They referenced the classic 1974 paper by the philosopher Thomas Nagel titled ‘What is it like to be a bat?’ which, apparently, says that even if bats have something we might call ‘intelligence’, it would be of such a completely different type, evolved to perfectly suit bats and their batty situation, that we wouldn’t recognise it anyway, hopelessly programmed as we are to think solely in terms of human values and goals.

The BBC guy’s friend then referenced the philosopher Peter Singer’s work on animal rights to argue that, even if we ever did manage to create a self-starting, self-directed form of intelligence, would we not then be guilty of slavery? If we created something that genuinely had heart and soul and emotions and yearnings – would we not be immediately duty bound to ‘set it free’?

But even thinking about it like this makes you realise how absurdly far we are from a situation like that. Programs and machines and devices which can mimic our movements and project them up onto video screens – these are fabulous as artworks, but in the end, all I saw at the exhibition was toys, glorified toys.

Mimic (concept), 2018, by Universal Everything. Image courtesy of Universal Everything

I was relieved by this little conversation which confirmed my opinion that the exhibition contains lots of fun fairground attractions, eye-catching news snippets (computer beats Go champion, Steven Hawking signs a petition warning governments against weaponising artificial intelligence), and distracting movie clips (right at the start there’s a screen showing a montage of pretty much every movie in which an android or robot turns on its human makers, from Blade Runner to Ex Machina), and lots of featurettes about self-guiding robots which can explore the bottom of the oceans, or monitor growing conditions in greenhouses – but somehow all this gallimaufrey of festival fun manages not, in the end, to be that penetrating or insightful.

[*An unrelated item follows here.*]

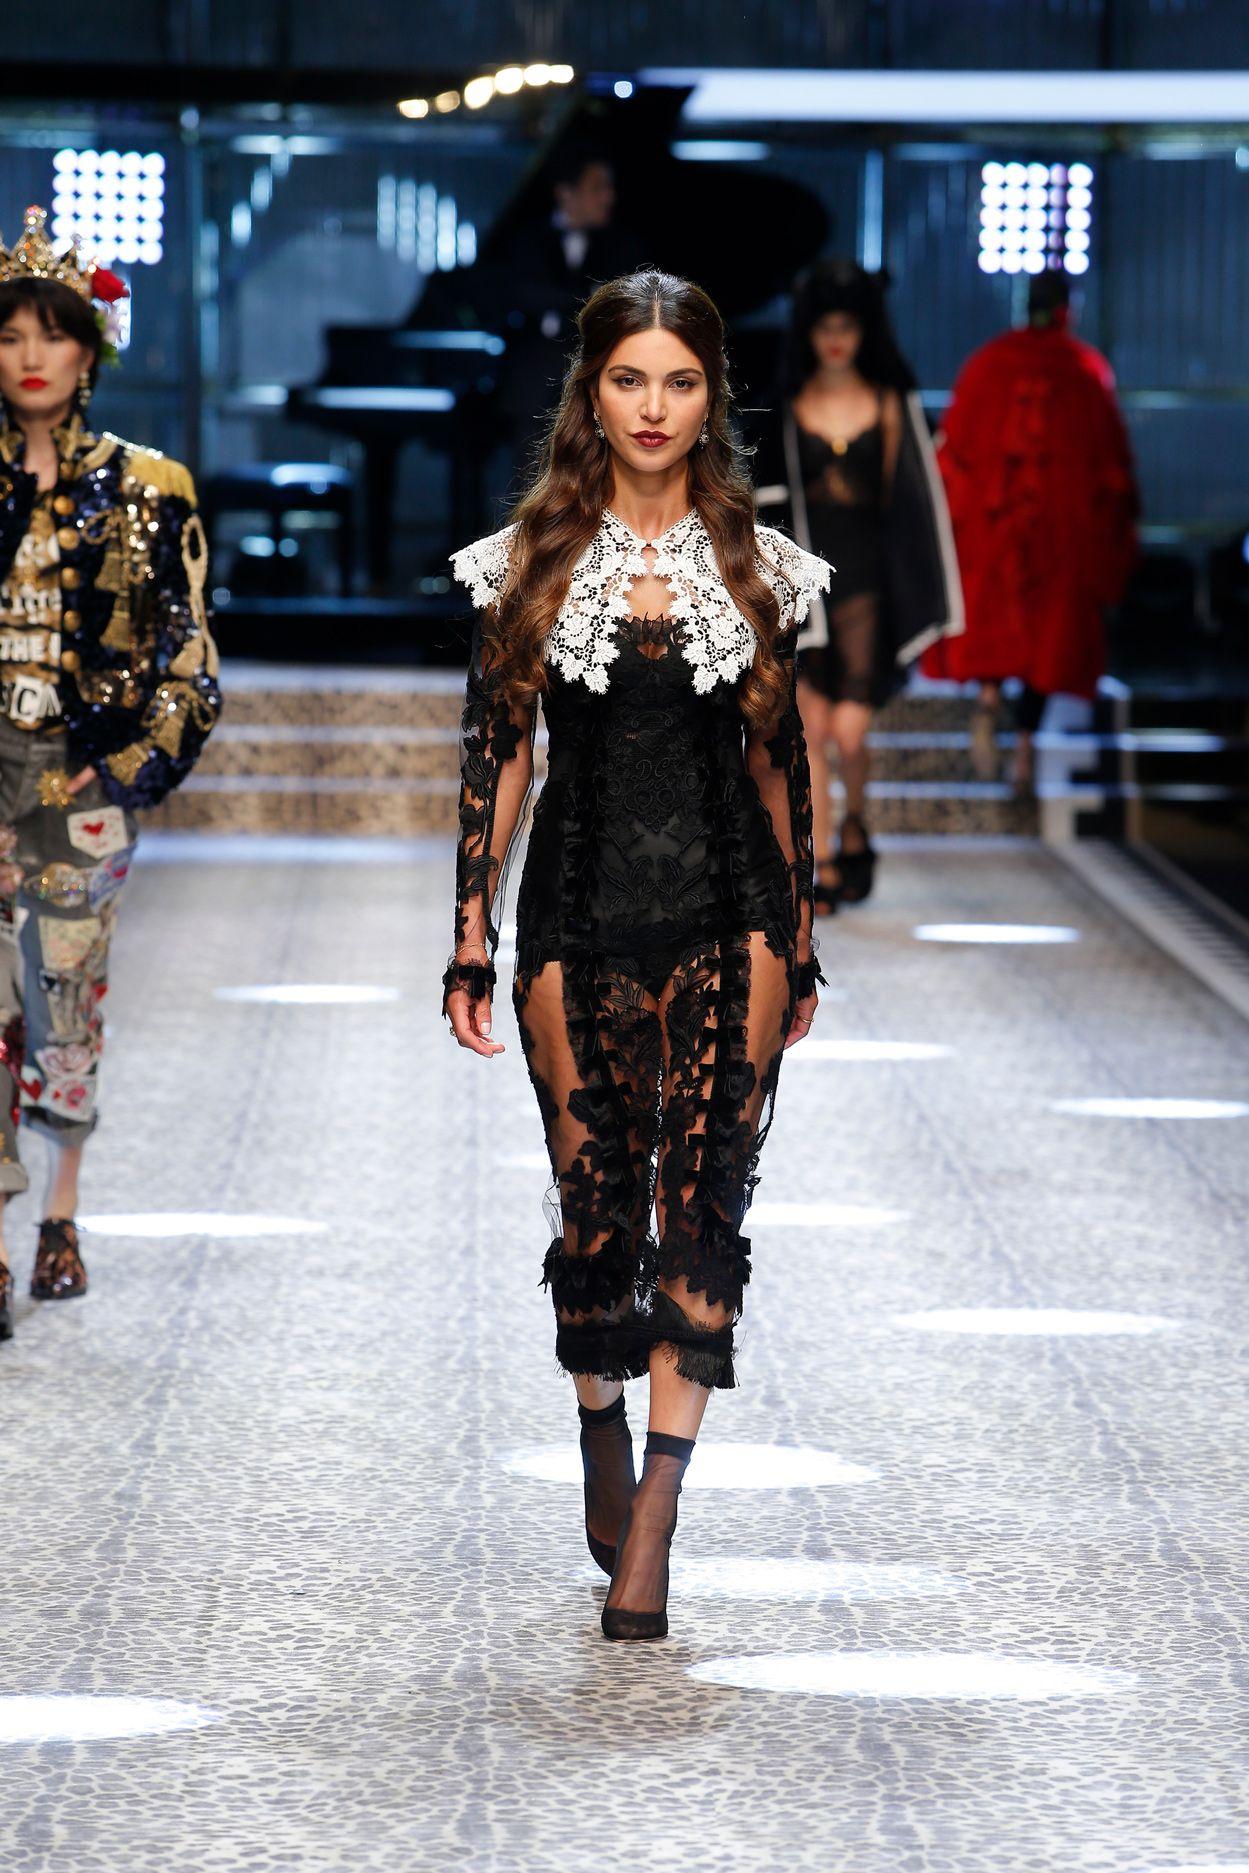 DGFabulousFantasy: Dolce Gabbana Fall 2019 Tells Its Own Fairy Story recommendations
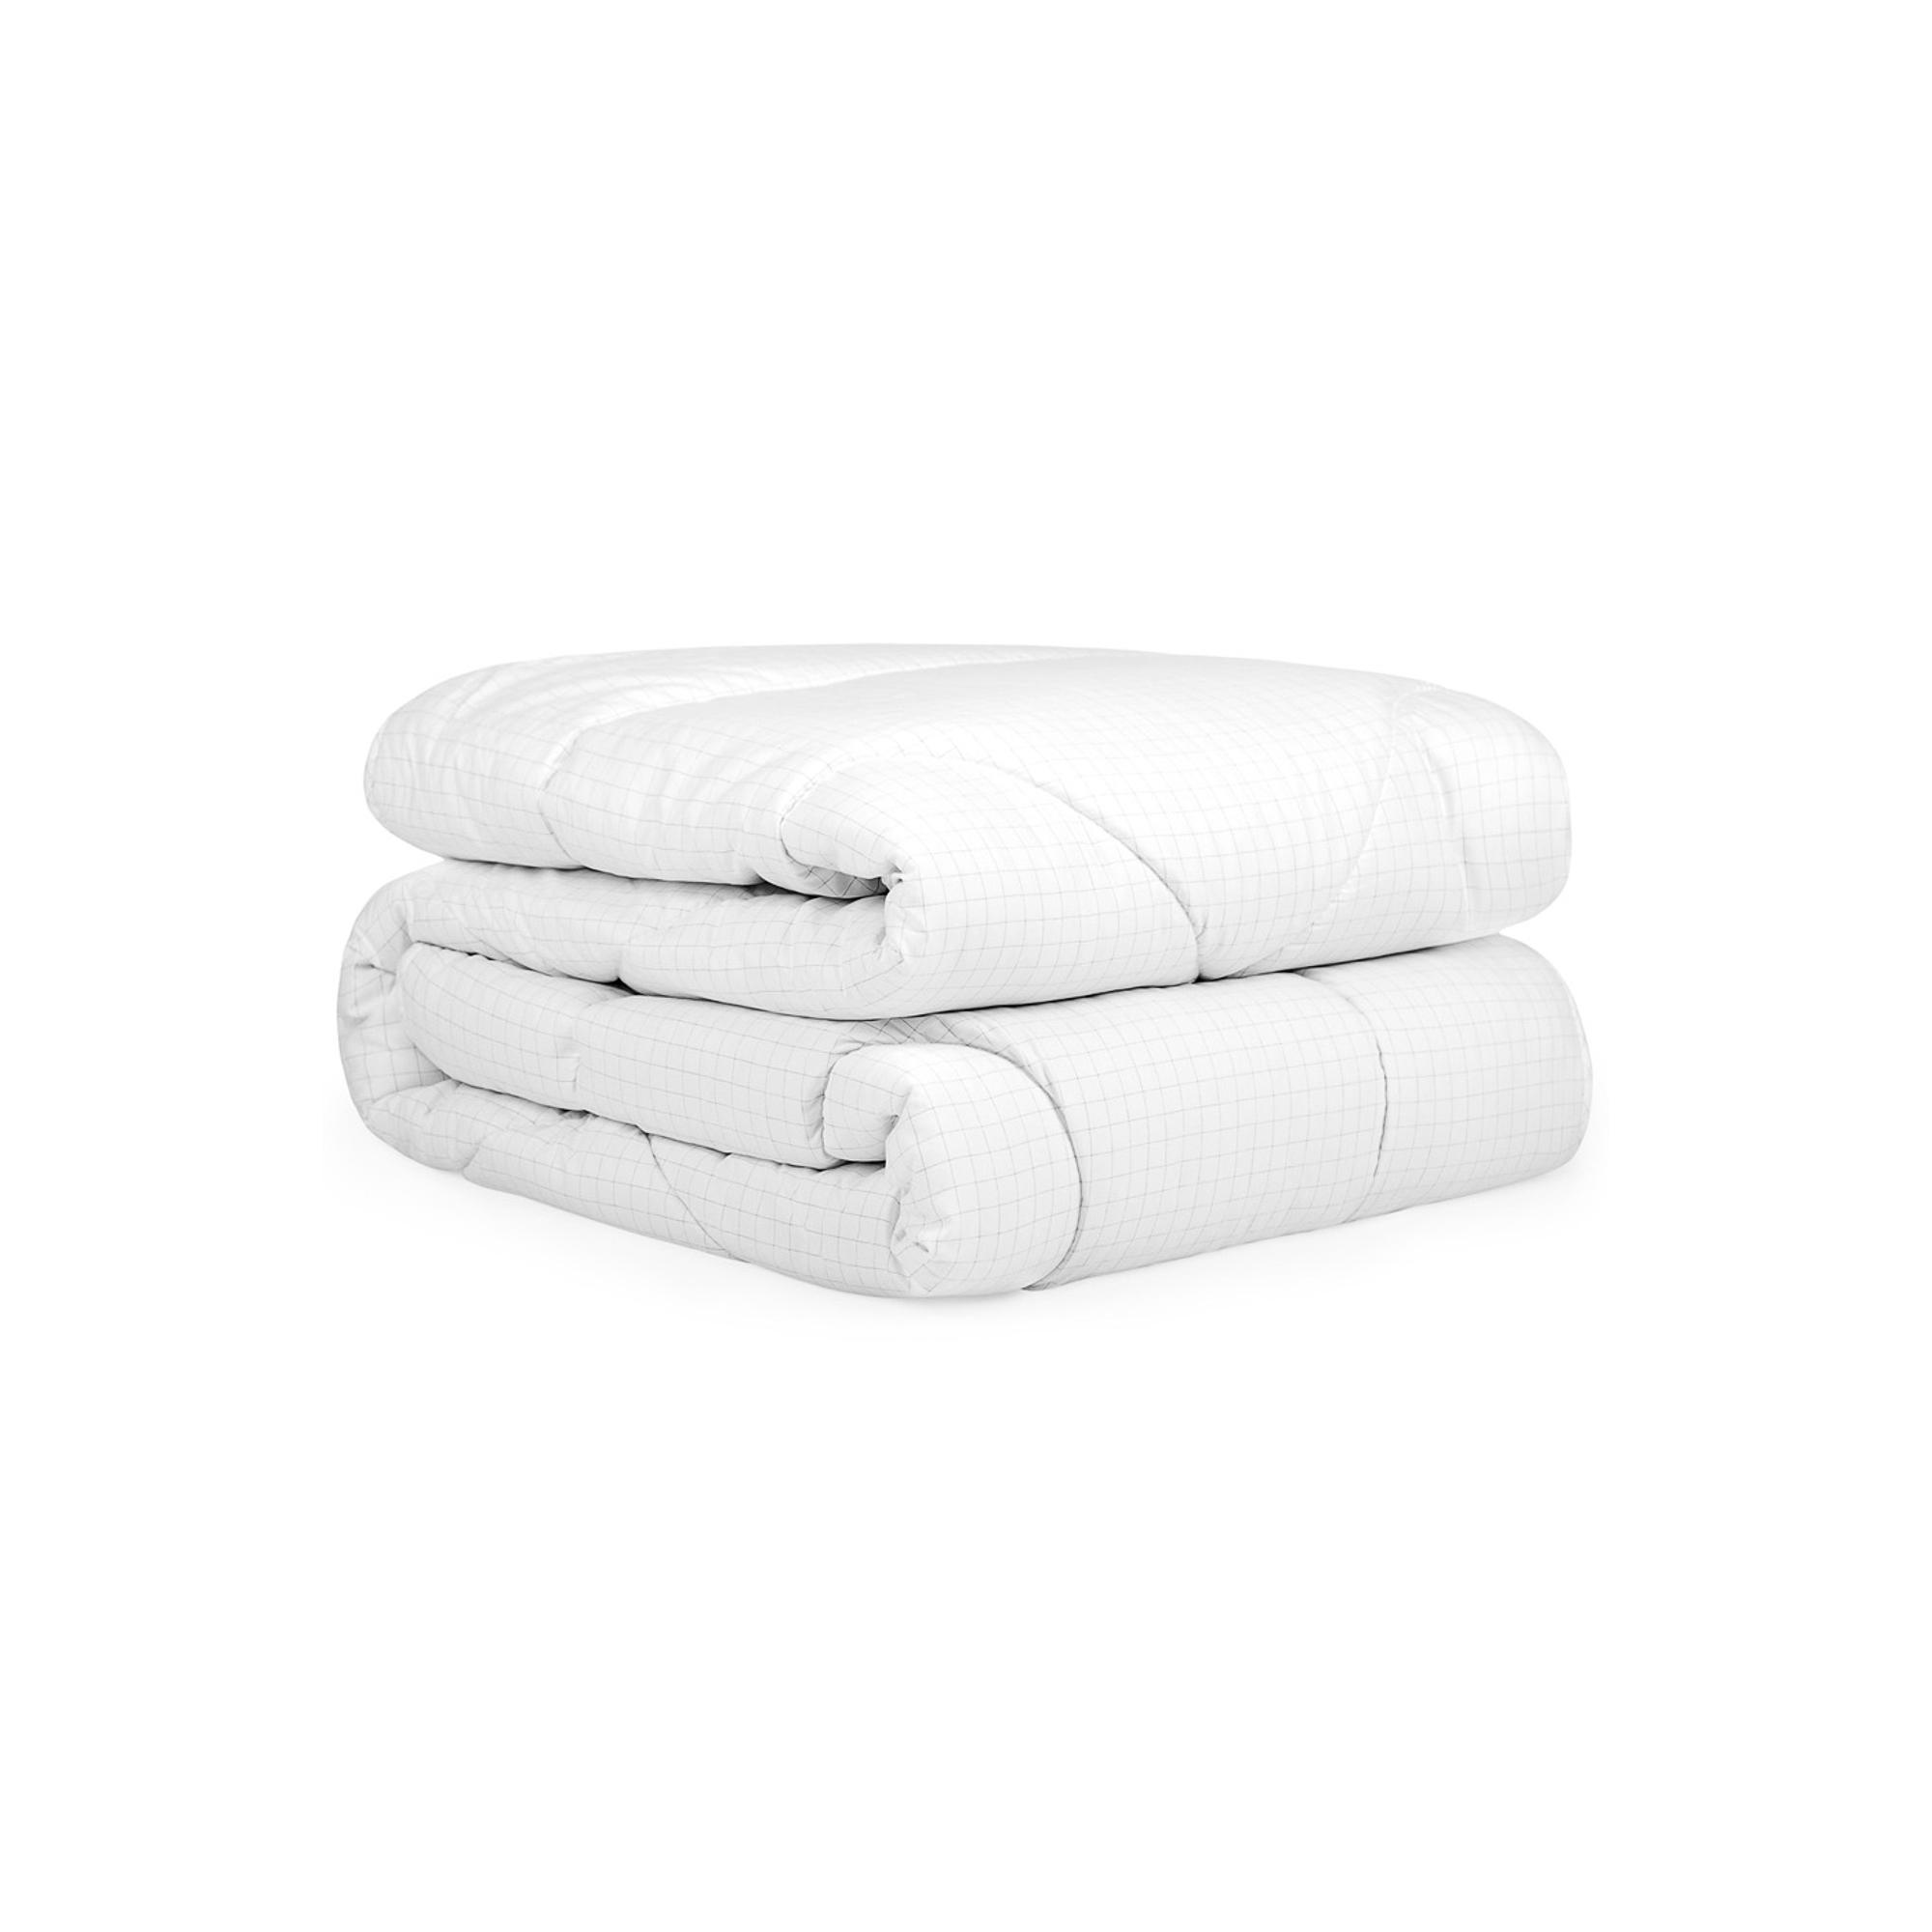 Купить со скидкой Одеяло Classic by T Relax 175х205 см

I got talking to one of the curators of the exhibition and asked what one thing she’d learned from the year or more they’d been preparing it. She said, ‘Not to be afraid of AI’.

She said here in the West, there’s a long tradition of fear of robots and computers (fears not allayed, it must be said, by the numerous movie clips of robots strangling people which greet you as you walk in).

But by contrast, she said that one of the curators was Japanese and it had been a real eye-opener for her to see the completely different approach the Japanese have to new technology. Possibly it is because of their Shinto traditions, according to which the world is full of spirits, but the Japanese seem to be more open and receptive to the idea that we are on the verge of developing new types and forms of intelligence. For us in the West, this immediately prompts headlines about Frankenstein. For the Japanese, she said, these new developments are to be welcomed into a world already full of various types of technology.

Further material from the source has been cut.